Lisa Barber, home products and services editor at Which?, warned that if the wholesale cost of energy continued to rise, those on variable tariffs might see their bills increase and the number of cheap tariffs on the market might shrink.
To keep costs down, Which? suggests:
- Switching energy providers regularly
- Signing up to a fixed tariff to keep bills stable
- Installing heating controls such as room thermostats and thermostatic radiator valves
- Using energy-efficient appliances
It comes after the UK had to fire up two old coal power plants to meet electricity needs earlier this week.
Warm, still, autumn weather has meant wind farms have not generated as much power as normal, while spiking prices have made it too costly to rely on gas.
On Tuesday, the use of coal returned to 2.2% of the UK’s electricity generation.
Audrey Gallacher, Energy UK’s deputy chief executive, said: “Due to the unprecedented price increases in natural gas, National Grid, the electricity system operator, has had to make some tough choices about where we get our power from in order to maintain security of supply.
She said the move highlighted the “need to continue the low carbon energy transition, and further reduce our dependency on fossil fuels for our heat and power”.
“It will not only help us meet climate change targets but remove the risk of being exposed to volatile international wholesale prices.”
Energy UK added that it “recognises” the impact increased energy prices would have on customers and that anyone worried about their bills should talk to their supplier.
Some suppliers have said that profits have been hit by financial assistance offered to customers struggling to afford the higher prices.
Robert Buckley, and energy analyst at Cornwall Insights, said prices for power which is needed immediately are at all-time highs – 10 times the prices of last summer.

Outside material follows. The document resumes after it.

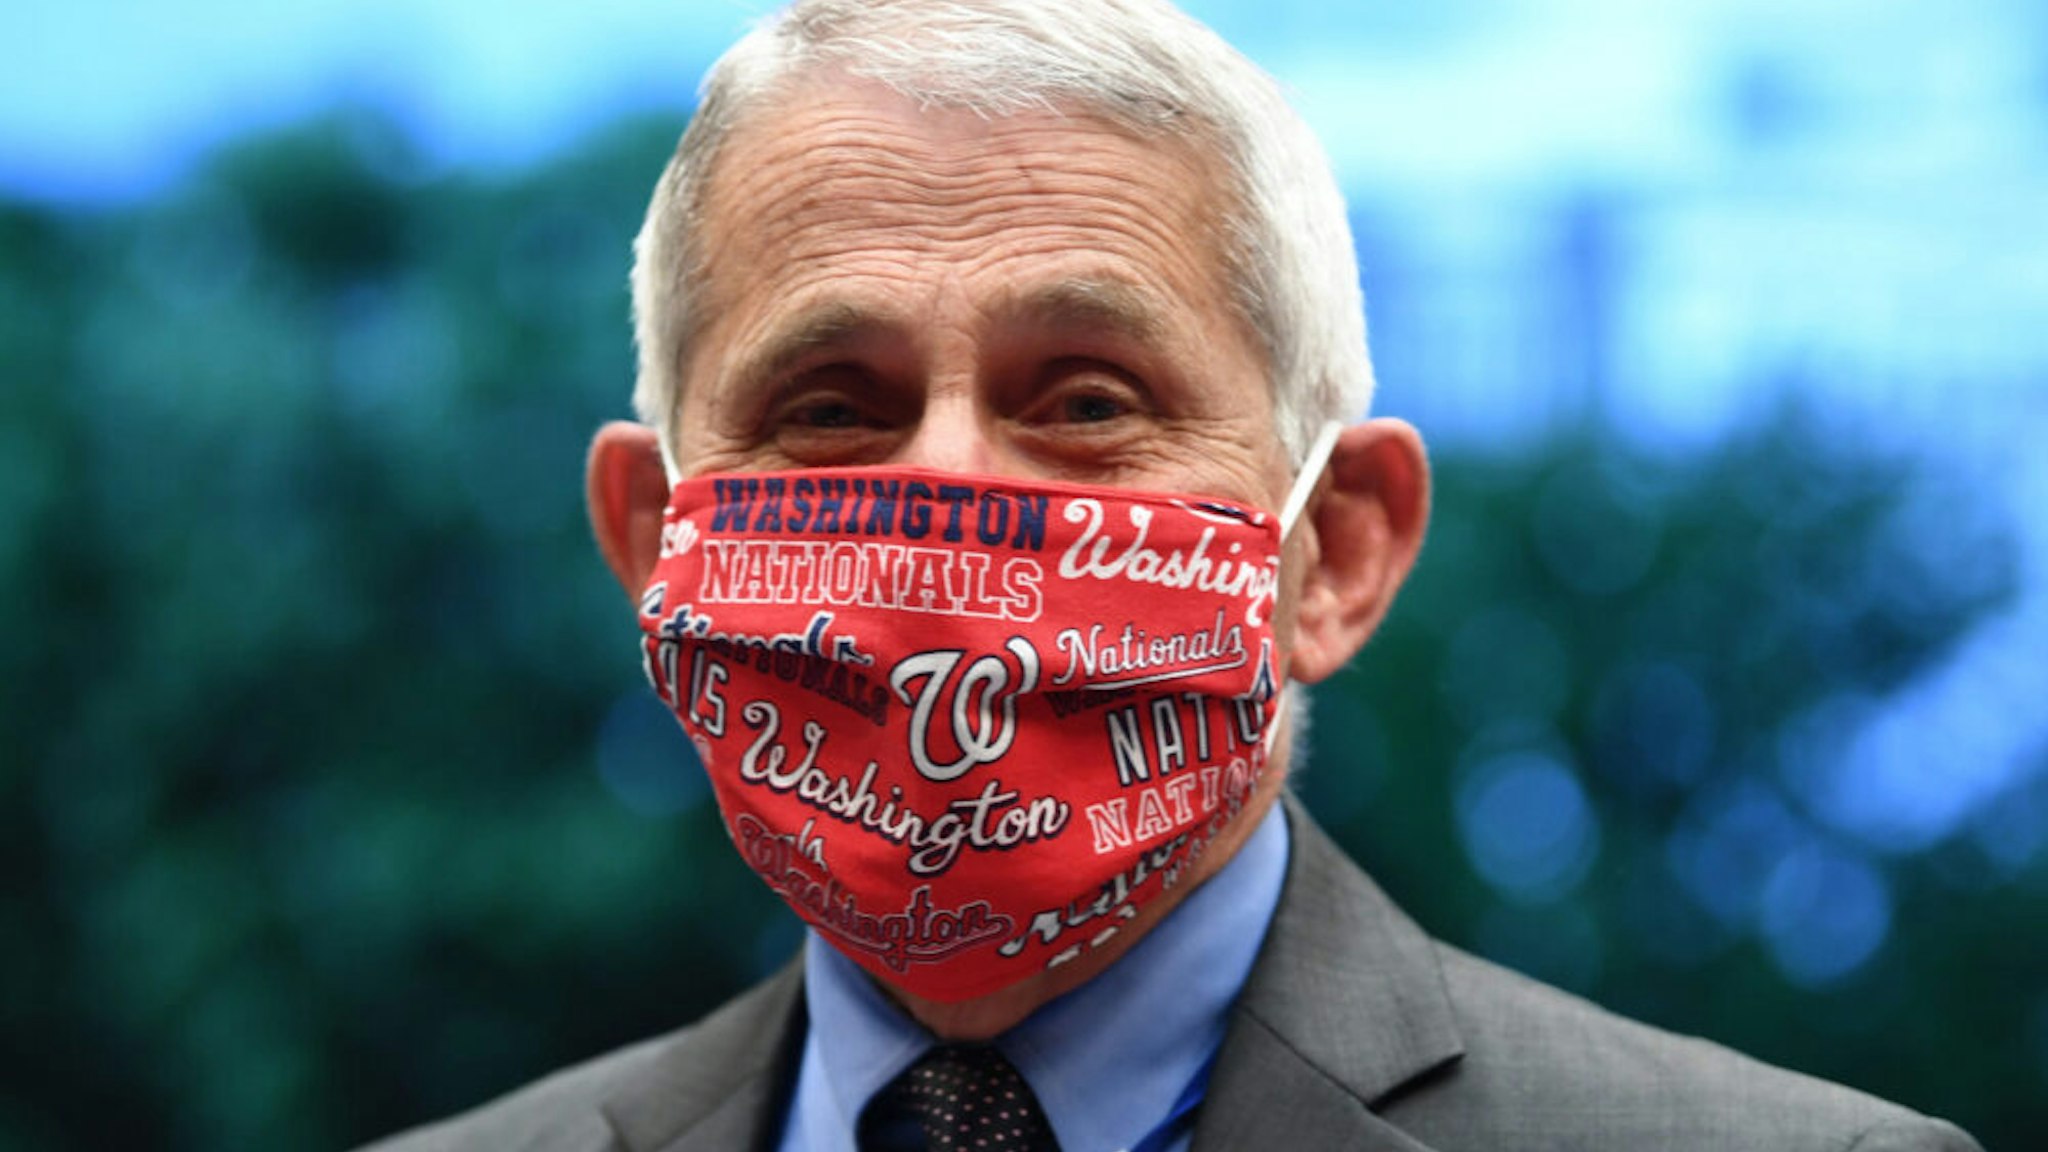 Director of the National Institute for Allergy and Infectious Diseases Dr. Anthony Fauci is see with a Washington Nationals face mask when he arrives to testify during the US Senate Health, Education, Labor, and Pensions Committee hearing to examine COVID-19, 'focusing on lessons learned to prepare for the next pandemic', on Capitol Hill in Washington, DC on June 23, 2020.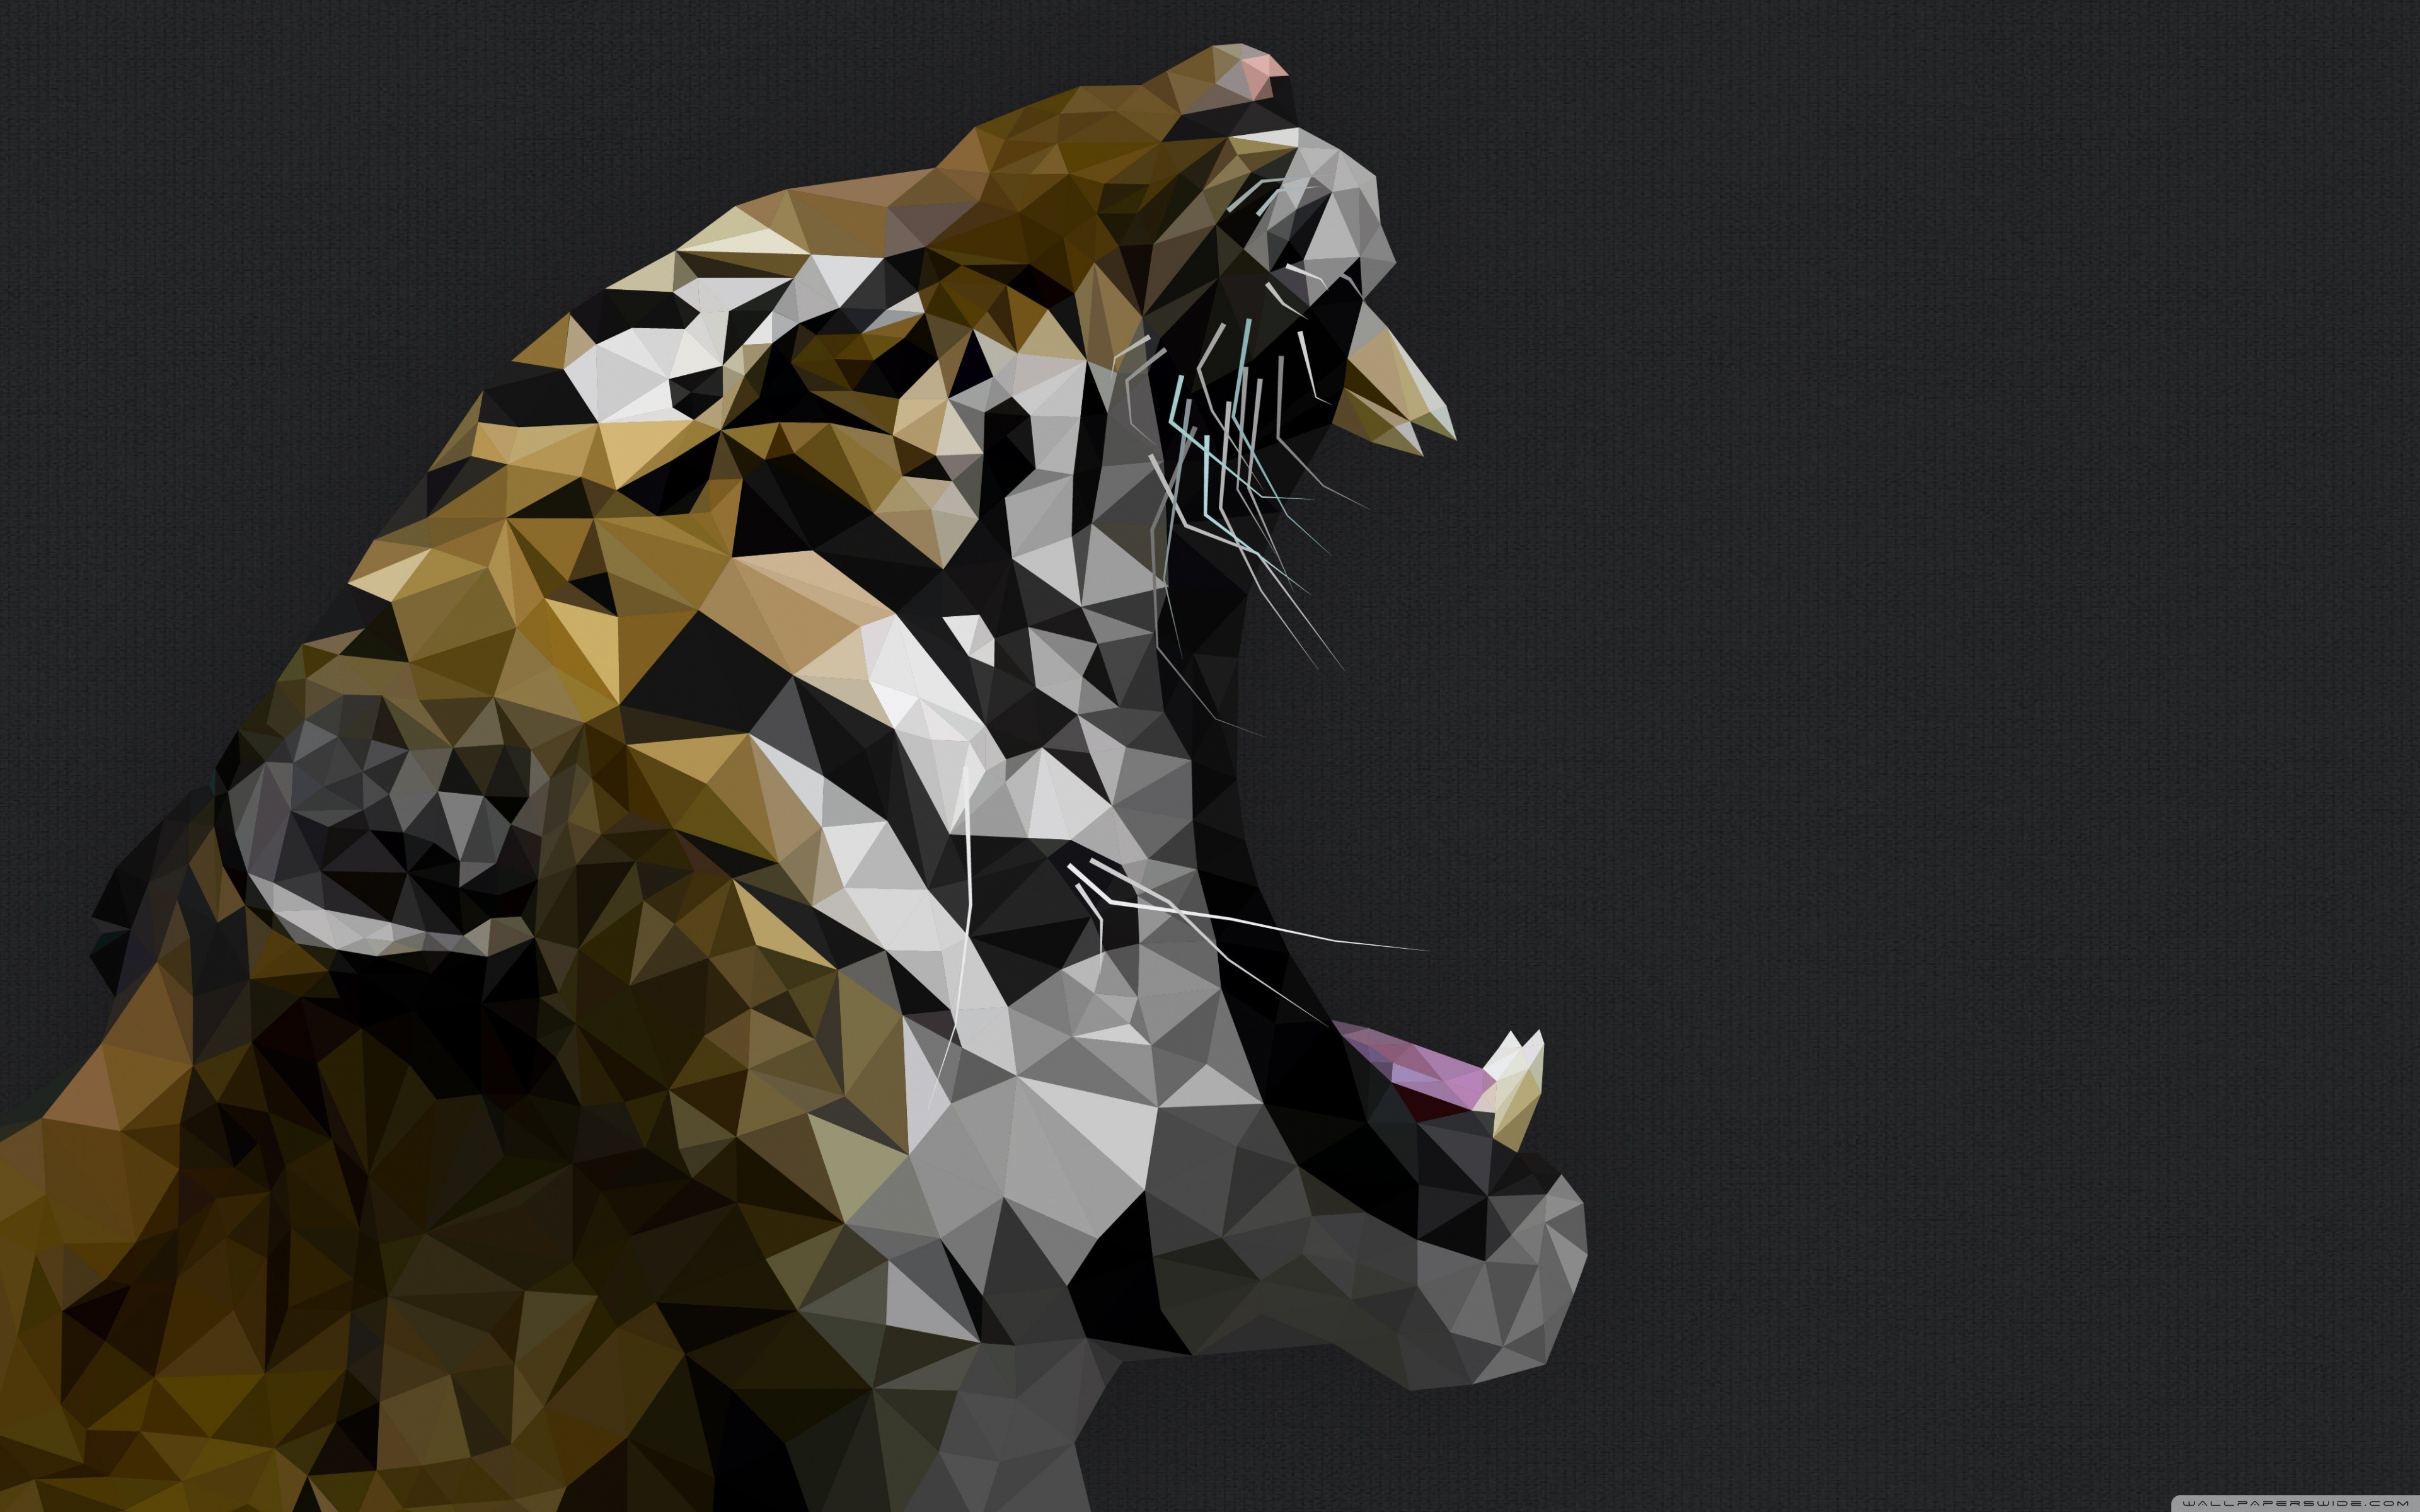 General 3840x2400 tiger animals low poly simple background big cats artwork digital art mammals black background fangs

“There’s very high international commodity prices for gas and for carbon as economies recover from Covid, and the EU has tightened up its carbon market rules,” he said. “Very high coal prices as well.”
“In the UK we’ve a combination of low wind, we’ve had outages at some of the nuclear stations, some of the gas stations have been offline, and we’ve had lower flows into the country of gas from Norway,” he said.
Consumers will see these rises push their bills up this winter as the price cap goes up, but if wholesale energy prices continue at these highs the cap “will go up a lot more”.
However, in the meantime the high prices are “also very bad for suppliers because the cap limits what they can charge their consumers, and the market is way above that now”, Mr Buckley added, saying it was “very sad” that some small suppliers had already gone out of business.